Other objects are sometimes even more abstract than that previous example, so much so that they seem to lend themselves better to puzzling our perception. A series of black lines, some with a red circle on the end while others are without it, becomes a very difficult deciphering challenge. It's almost inevitable that you'll accidentally click on the wrong object. There are also some rounds in the game that present the exact same object twice, telling us to simultaneously "get" and "avoid" it, which forces us to question both our ability to observe difference, as well as the value of such an ability.
In presenting two symbols, one to eradicate the other to avoid, Get X Avoid Y provokes the semiotics of a conflicting relationship. Even if accidentally on Pippin's part, or incidental on ours, it becomes an interesting (perhaps even revealing) exercise in our own appropriation.
Play here (Browser)
Road to Ruin (TomCooper3D)
Why play it? Drenched in blue and black, Road to Ruin is an entirely interpretative first-person wander through a mountainous world littered with glowing-red spinning cogs and pumping machines.
Smaller robots buzz with electricity as they fly overhead, and there are pillars of rock to walk around, some of which suggest traces of a civilization in how they seem to be carved.

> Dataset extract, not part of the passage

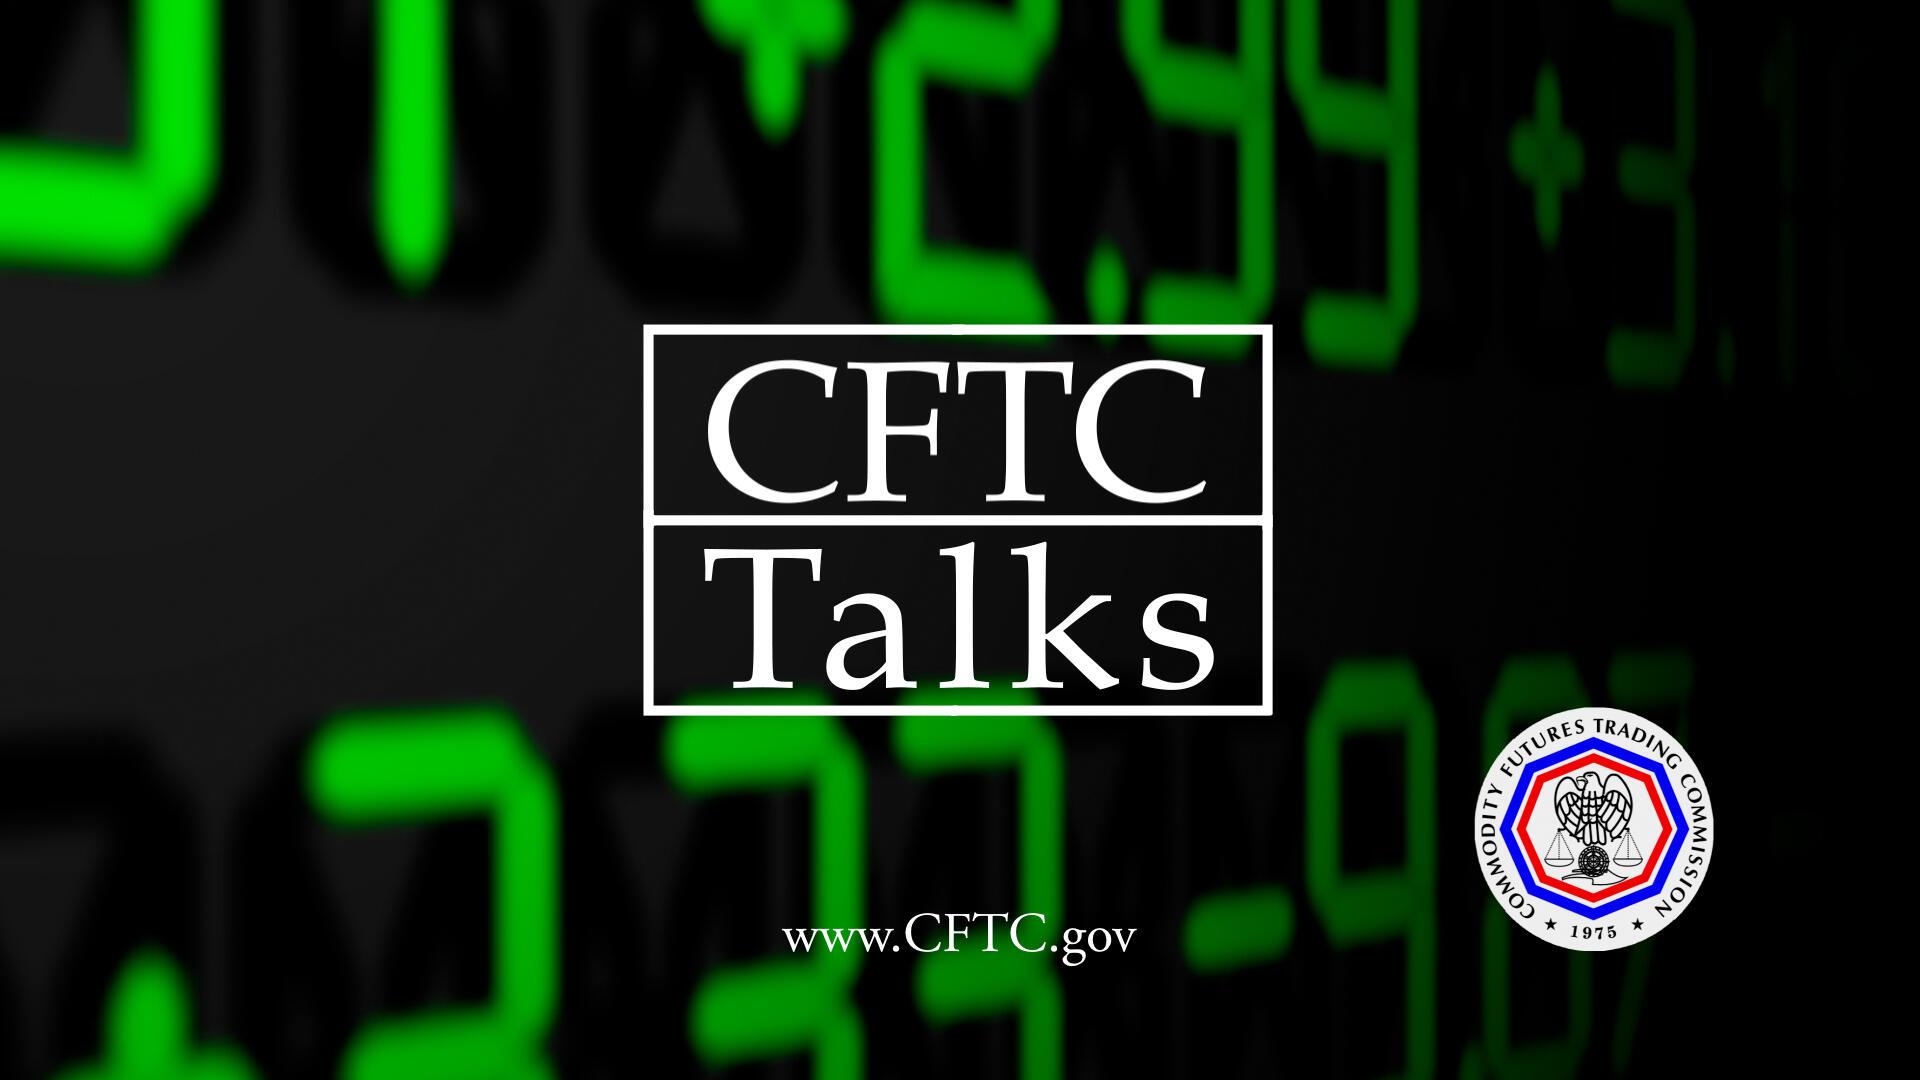 Listen to the CFTC Talks Episode - CFTC Talks EP053: MARK YALLOP

The idea behind Road to Ruin is to experiment with how games communicate feelings and stories non-verbally. The mechanized sculptures endlessly grinding, and the sounds of sizzling machine parts certainly provoke a daunting uneasiness and a lot of questions.

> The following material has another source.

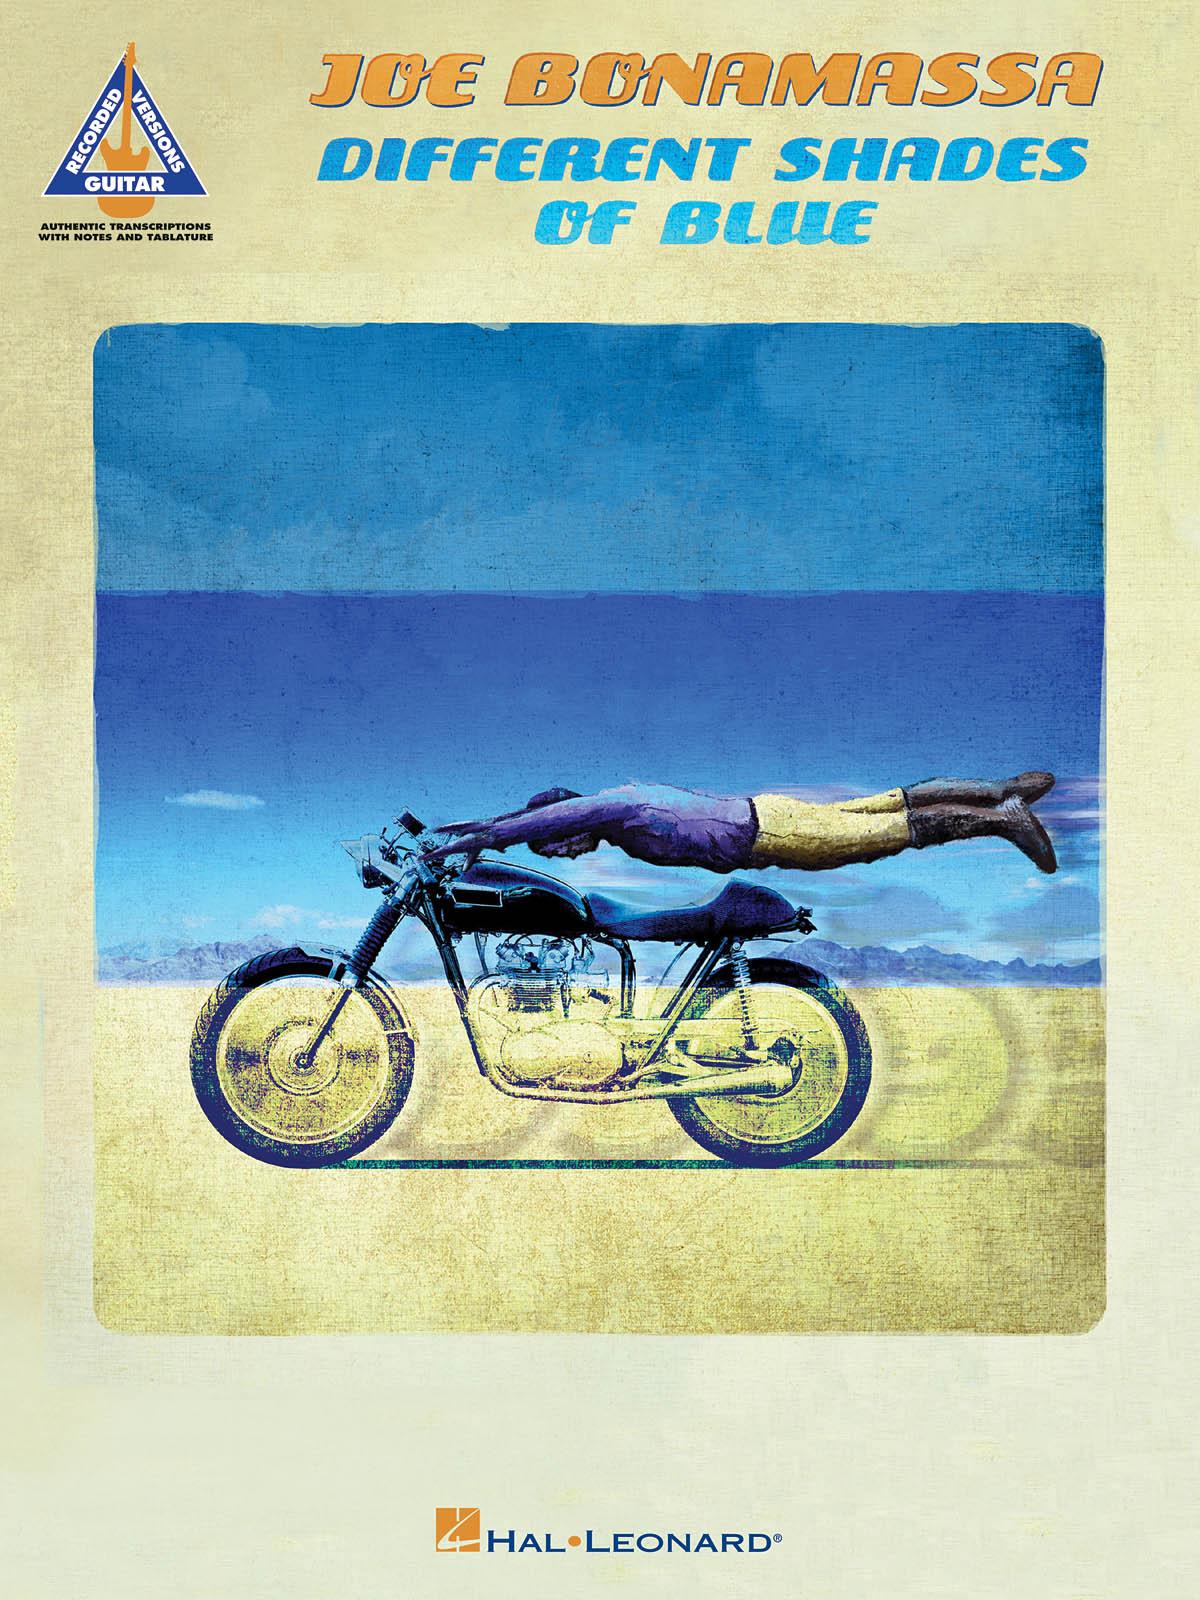 Joe Bonamassa: Joe Bonamassa - Different Shades of Blue: Guitar Solo: Album

Get beyond that first part, and it gets even more interesting...
Play on itch.io (Browser)
O Trivial Lobotomy (greenio3)
Why play it? Most narratives tend to be planned out with the purpose of delivering a climax. But O Trivial Lobotomy sees its creator tapping into stream-of-consciousness writing. It's therefore not confined by the constraints of structure and making sense.
The story is told by a number of strange heads that call you Jeff. They ask you questions and seem hostile, like voices in your head telling you to do devious acts.

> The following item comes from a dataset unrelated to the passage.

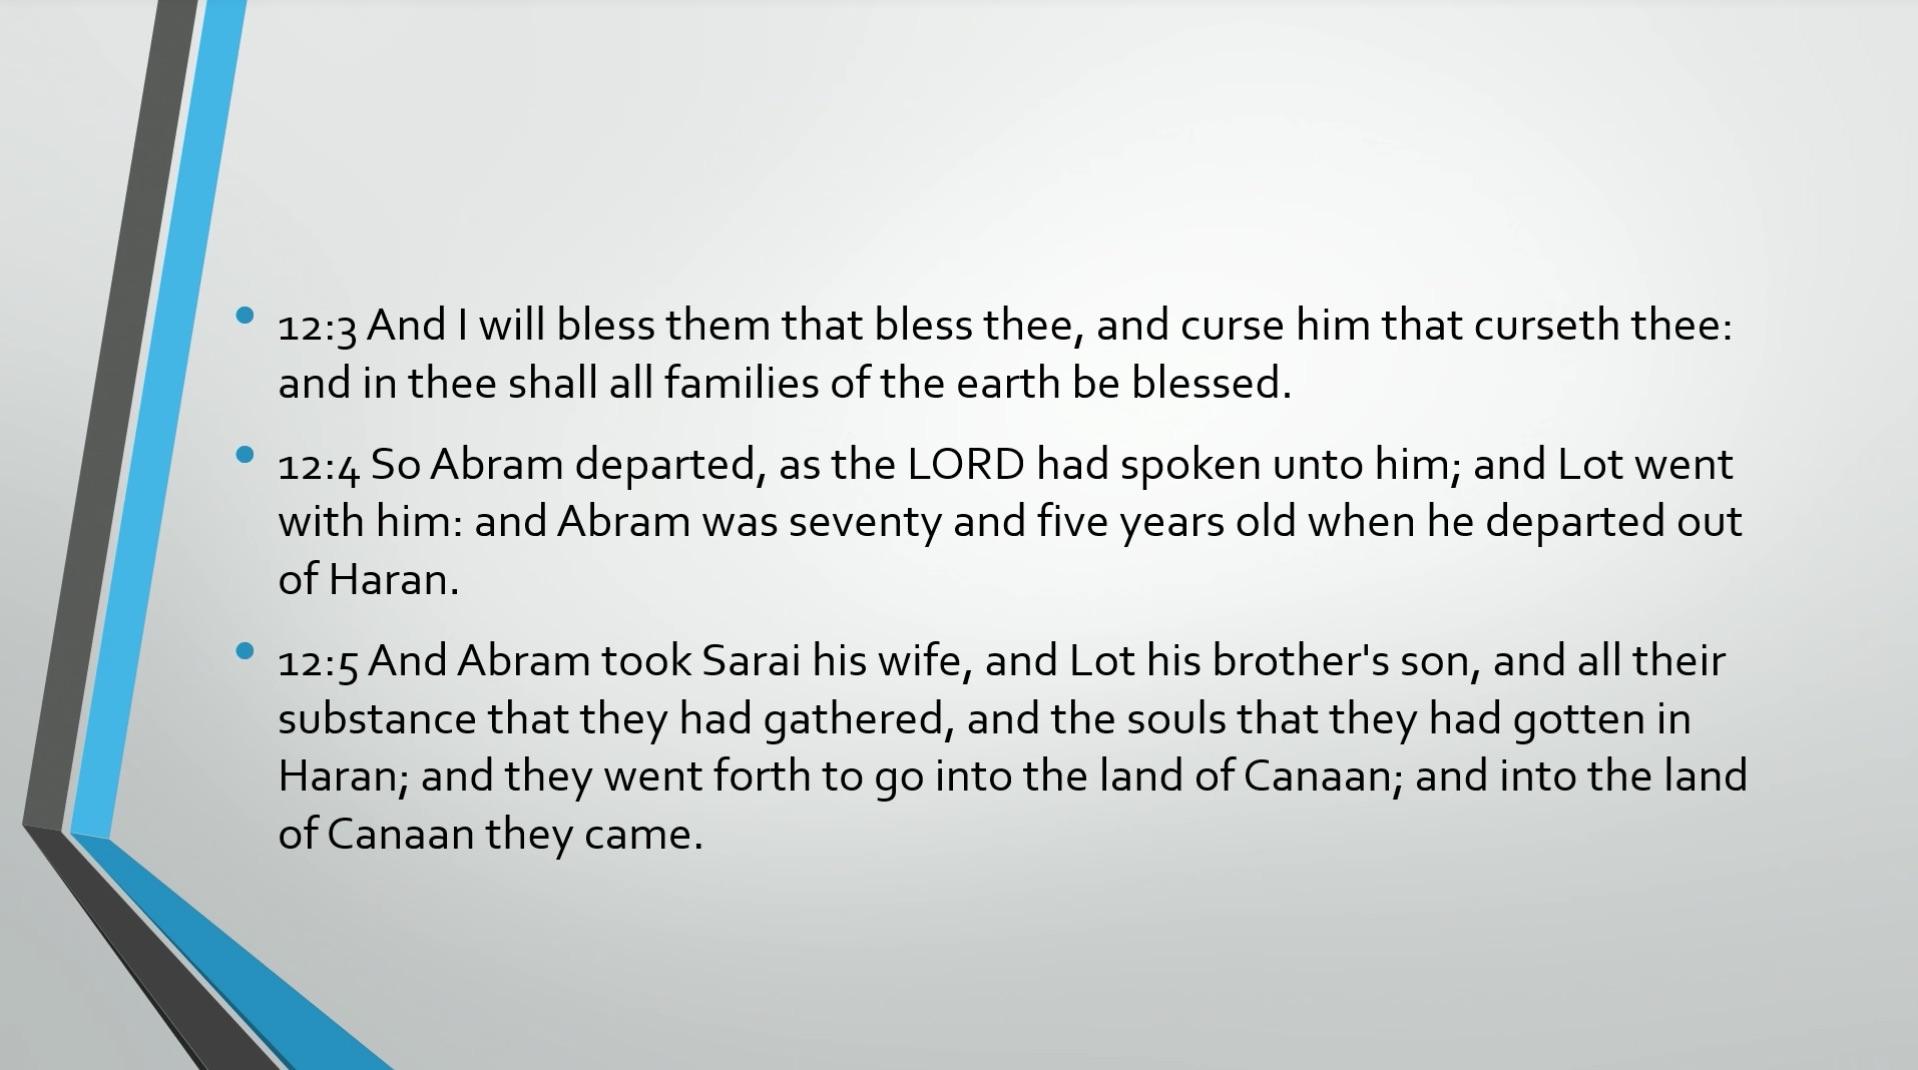 Biblical Series IX: The Call to Abraham Transcript | Jordan Peterson

The result is nonsense, really, but as it's all drawn loosely around the themes of health and physical appearance that there's enough there for you to potentially interpret a disturbing narrative from it.
The small session of challenging play you'll revisit between each talking head involves spinning a blockade around your heart. The idea is to prevent various objects (suggested to be medication) from crashing into it as they attack from all sides of the screen. Your potential motive behind this protective behavior is sometimes threaded into the words of the talking heads, which may eventually tempt you to deliberately fail to see what happens (spoiler: you're not allowed to fail).